TOKYO, Dec. 10, 2008 – In a bid to cut costs by $1.1 billion a year, Japanese consumer electronic giant, Sony Corp., is slashing 8000 jobs, or 4 percent of its global work force.
Blaming the rapid deterioration in the global economic outlook and the strength of the Japanese yen, Sony, which currently employs 160,000 worldwide, has announced the closing of several plants, a cut in investments of electronics, as well as plans to outsource work.
According to Sony, these moves will deliver more than $1.1 billion in savings a year by March 2010.
These measures highlight the plight of the Asian economy, which began last year with the economic crisis in the United States. Sony's announcement comes amid similar news from other Japanese manufacturers, which face plunging demand at home and abroad, as well as falling gadget prices and currency fluctuations.
"Now we are all facing a recession together," said Kazuharu Miura, electronics analyst at Daiwa Institute of Research in Tokyo. "It is impossible to predict how much longer the situation will last."
Sony — maker of the Walkman portable player and PlayStation 3 game console — is particularly vulnerable to the strong yen since about 80 percent of its sales come from overseas.
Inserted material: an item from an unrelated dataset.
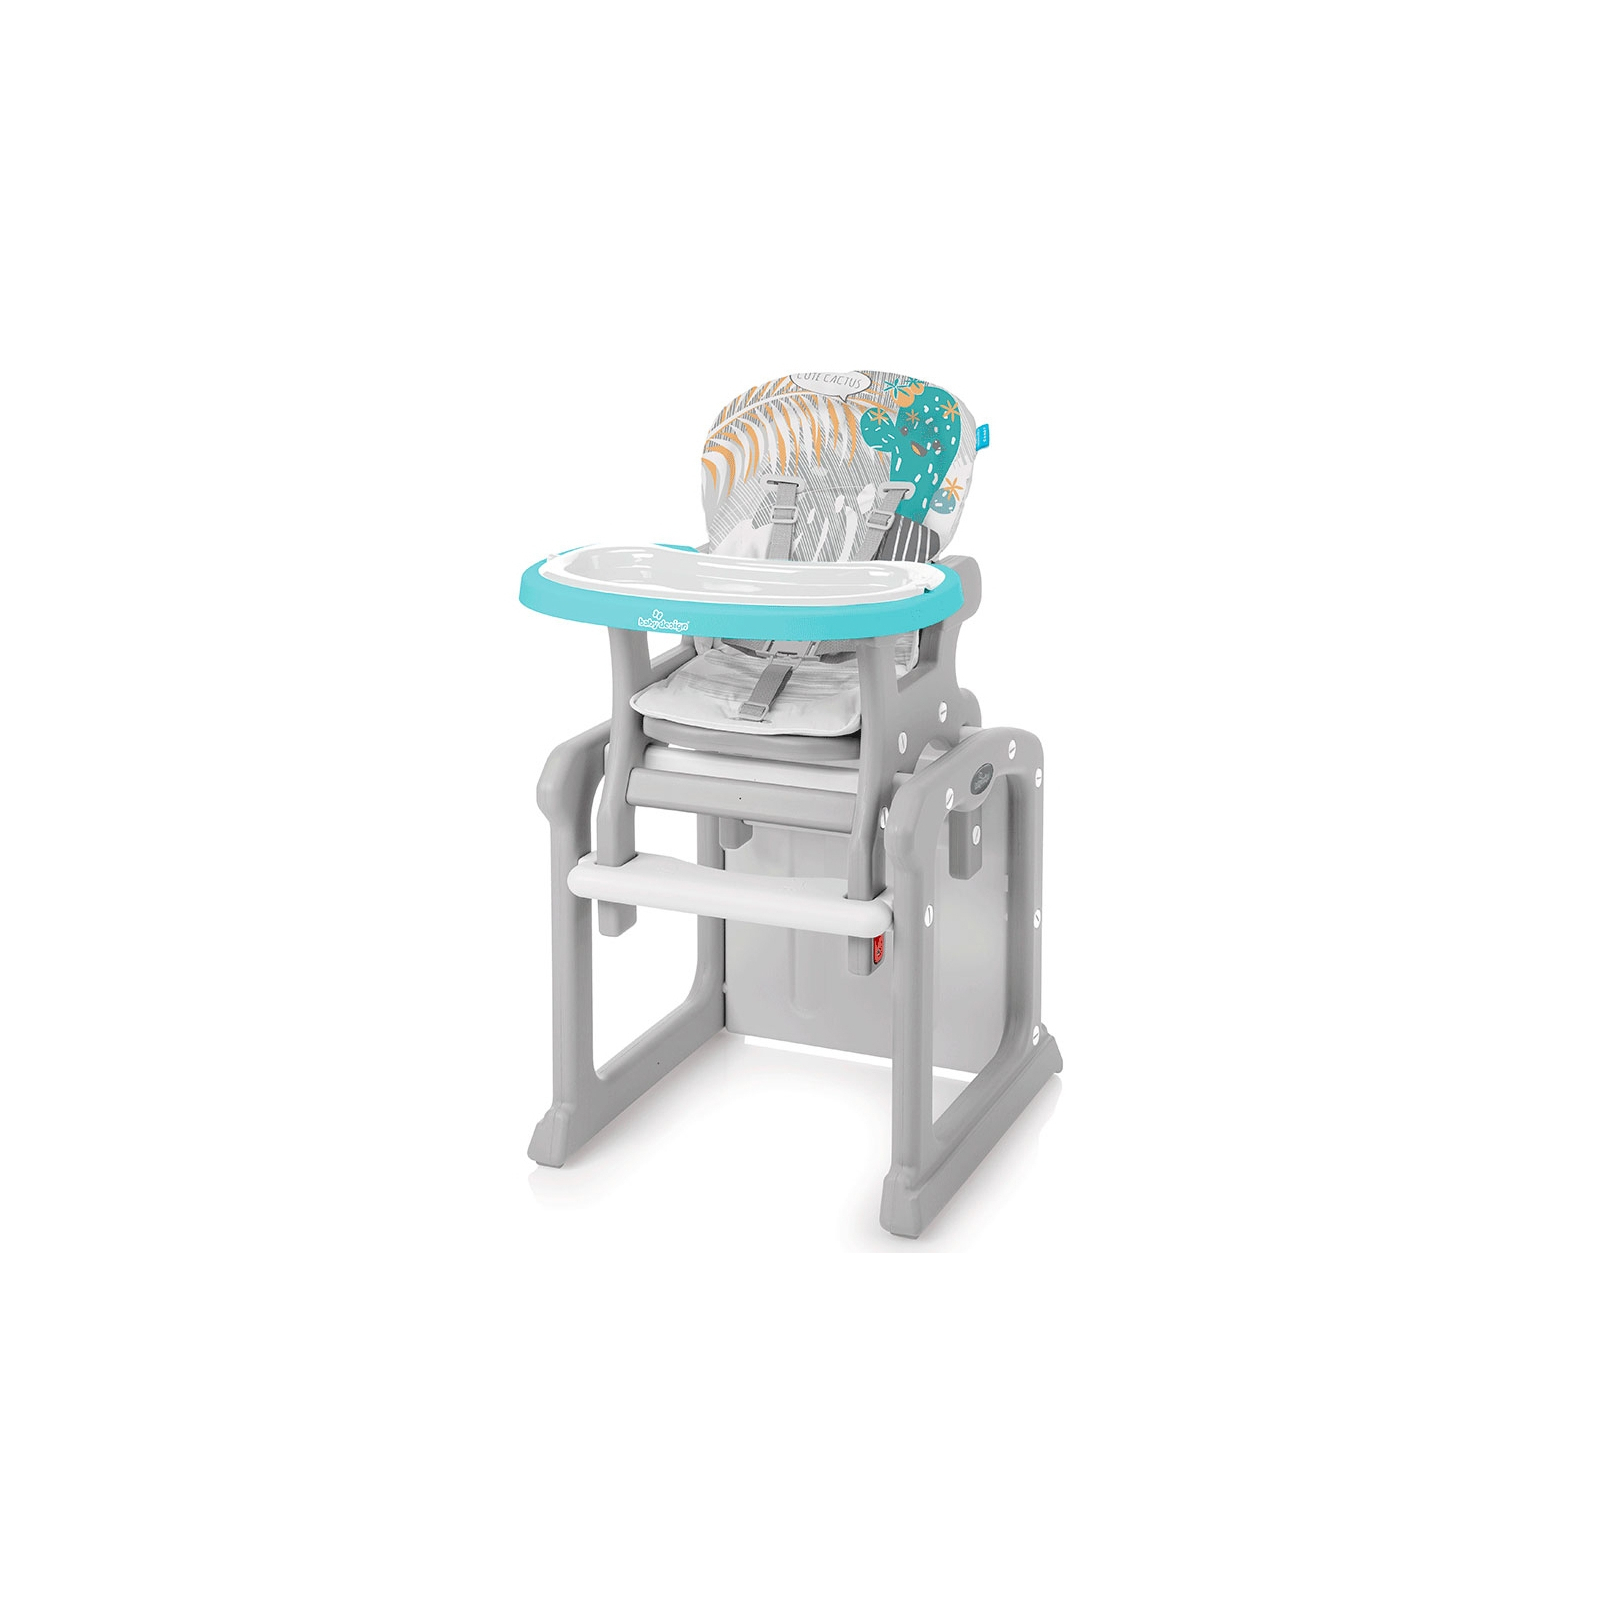 Стульчик для кормления Baby Design Candy 05 Turquoise (200014)

The dollar has dropped to about 93 yen from 117 yen last year, eroding with it Sony's foreign income.
According to reports, roughly 10 percent of the company’s 57 plants, including two overseas sites, will be shut, and expansion of a site in Slovakia where LCD televisions for the European market are assembled has been delayed.
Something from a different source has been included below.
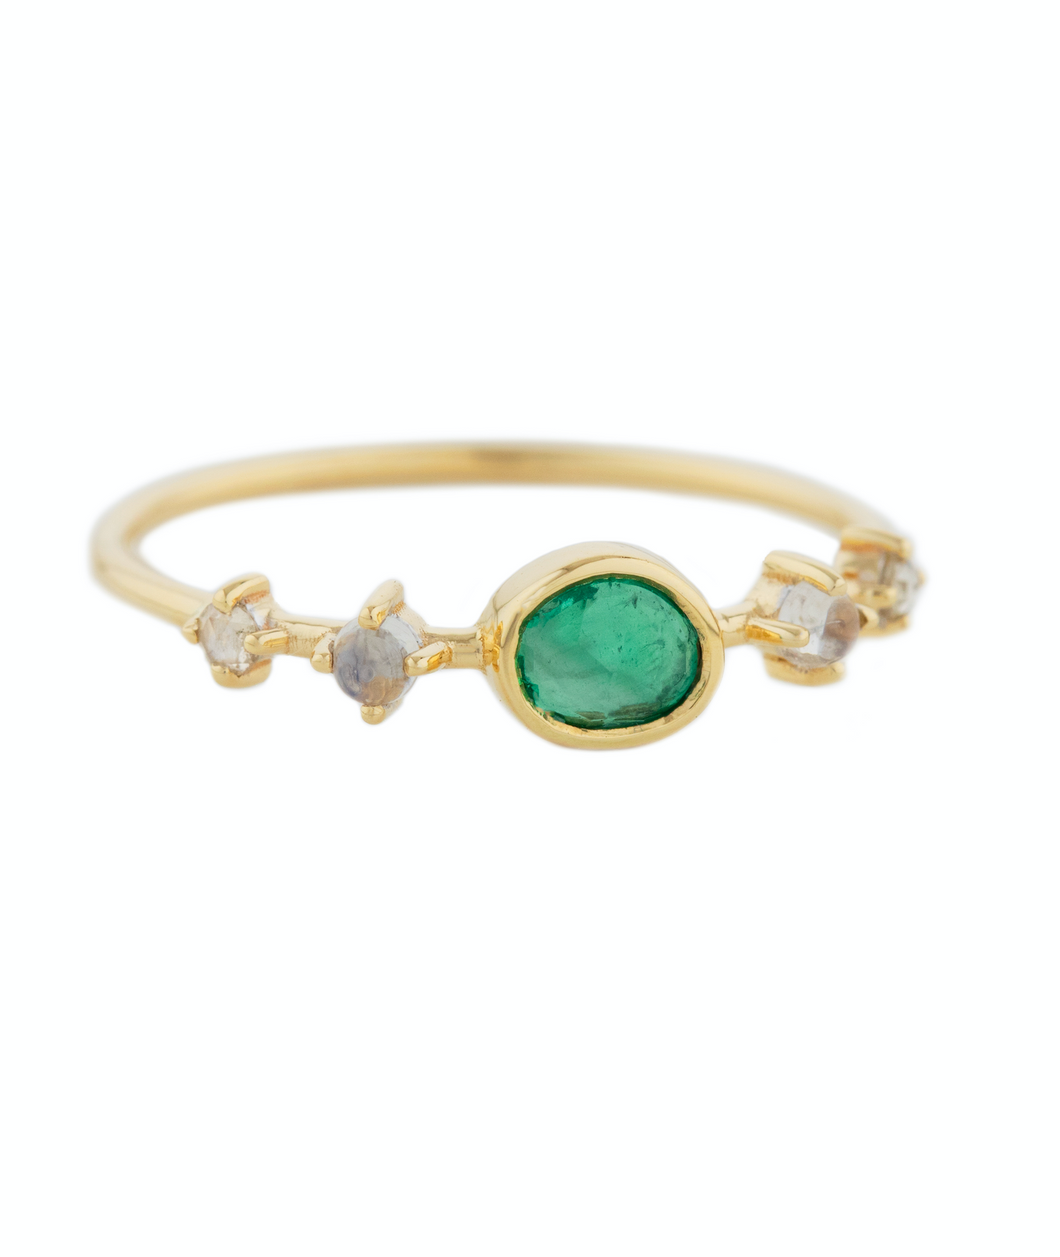 Celine Daoust 14k Emerald/ Moonstone/ Diamond Ring

Sony has said it will trim spending in semiconductors and will outsource a part of the production it had planned for image sensors for cell phones.
“Based on such measures, Sony is planning to reduce investment in the electronics business by approximately 30 percent in the fiscal year ending March 31, 2010,” the company said in a statement.
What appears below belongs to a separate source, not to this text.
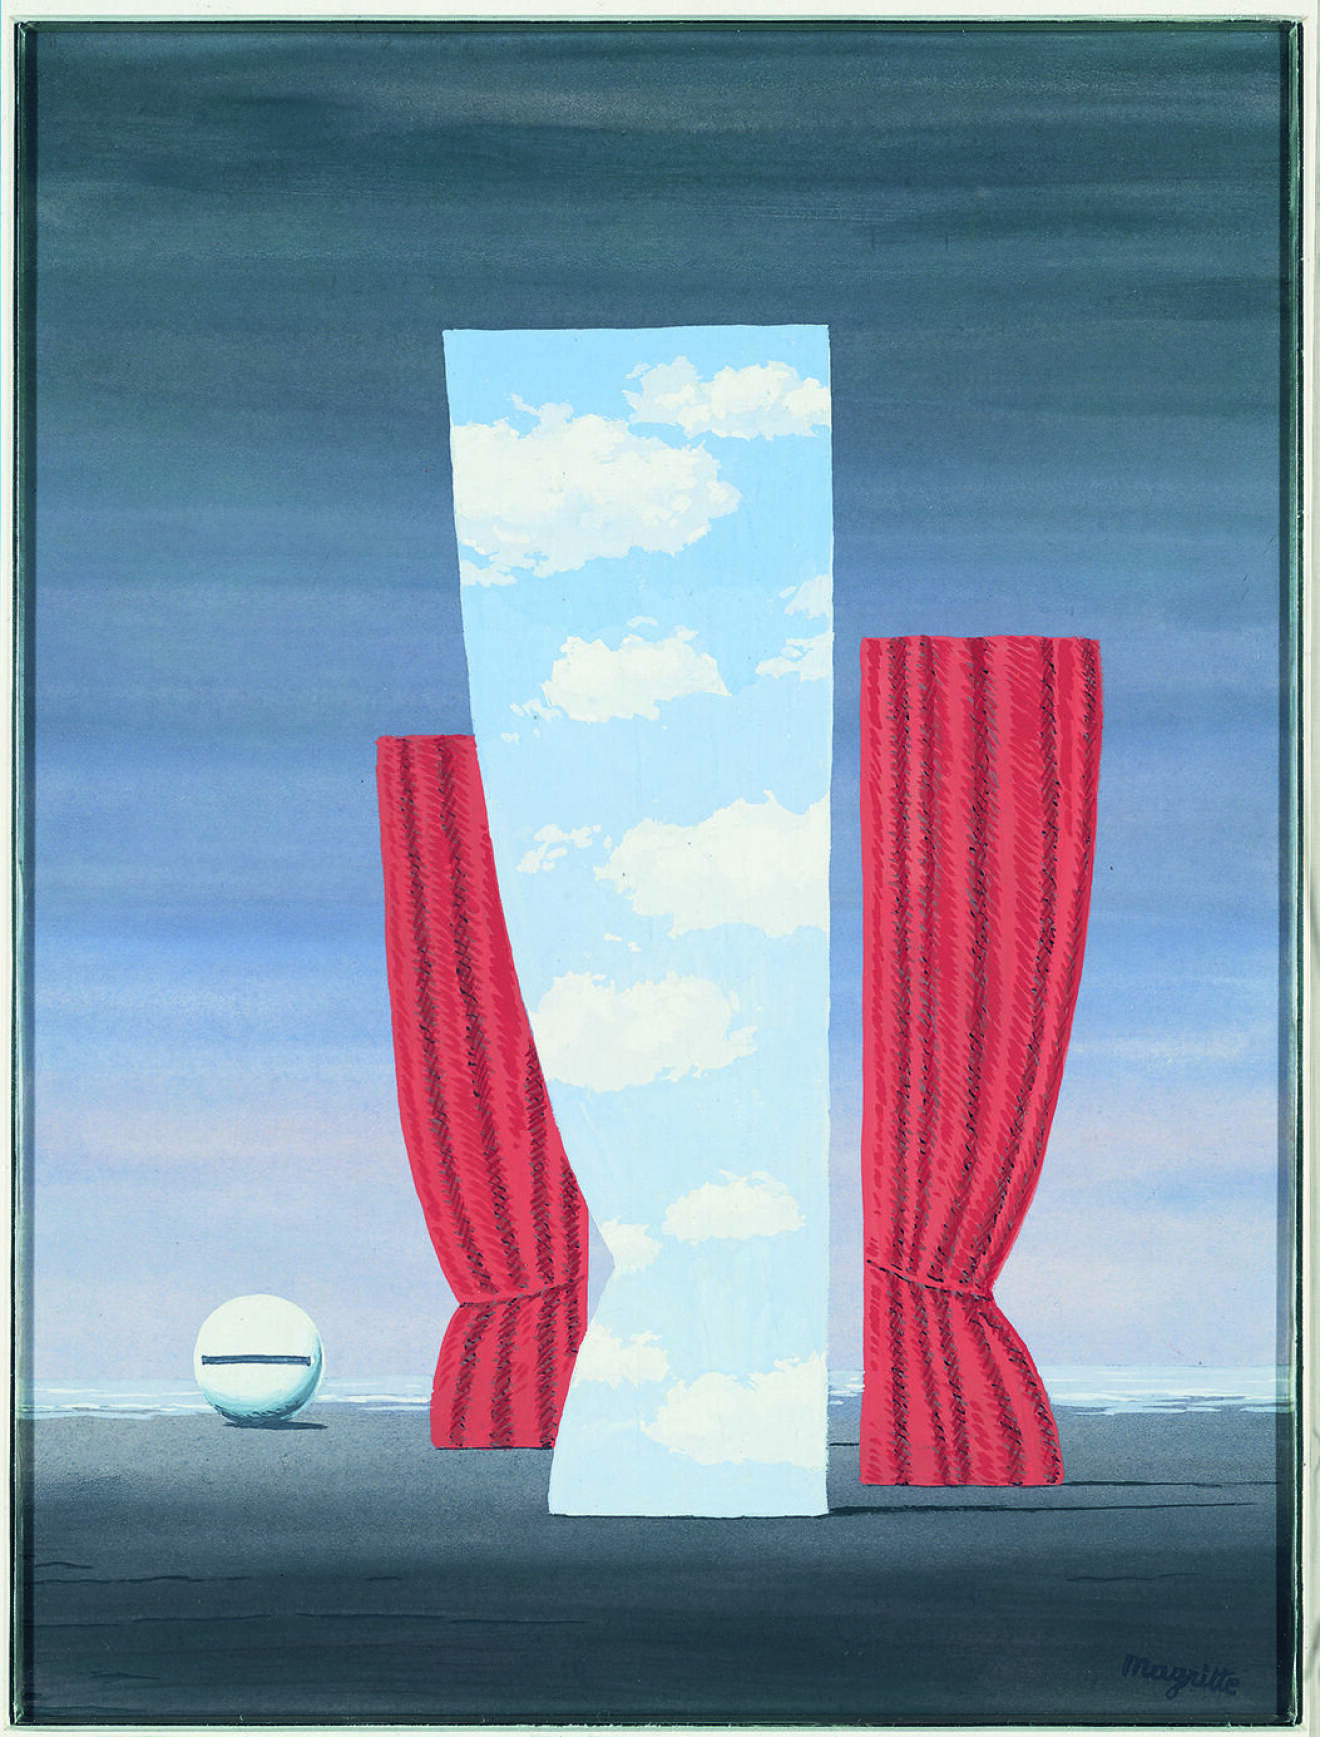 René Magrittes tavla La Joconde från 1964

Sony has adjusted production and lowered inventories, but tough times demand more drastic efforts. (See: statement from Sony)
The cost-cutting plan includes postponing an investment to boost production of liquid crystal display TVs in Slovakia because of a plunge in European demand for flat-panel TVs.
"These initiatives are in response to the sudden and rapid changes in the global economic environment," Sony said. The cost of the job cuts and plant shutdowns will be disclosed next year when the company updates its forecast for the fiscal year.
Apart from the 8,000 electronics job losses, Sony would cut at least 8,000 temporary jobs in the same sector by the end of March 2010, said Naofumi Hara, senior vice president of Sony, adding that temporary workers are not counted in the tally of Sony's global work force.
Sony recently slashed its full-year earnings projection, citing weaker consumer demand and a stronger yen. For the fiscal year through March 2009, it is expecting a $1.5 billion (150 billion yen) profit, down 59 percent from the previous year.
Still, many analysts say that Sony’s downsizing will not be enough to offset a global economic downturn.
Hara said it was unclear whether a further revision will be needed for the current fiscal year.
The announcement of the layoffs was made after the Tokyo market closed; Sony shares closed up 3.9 percent.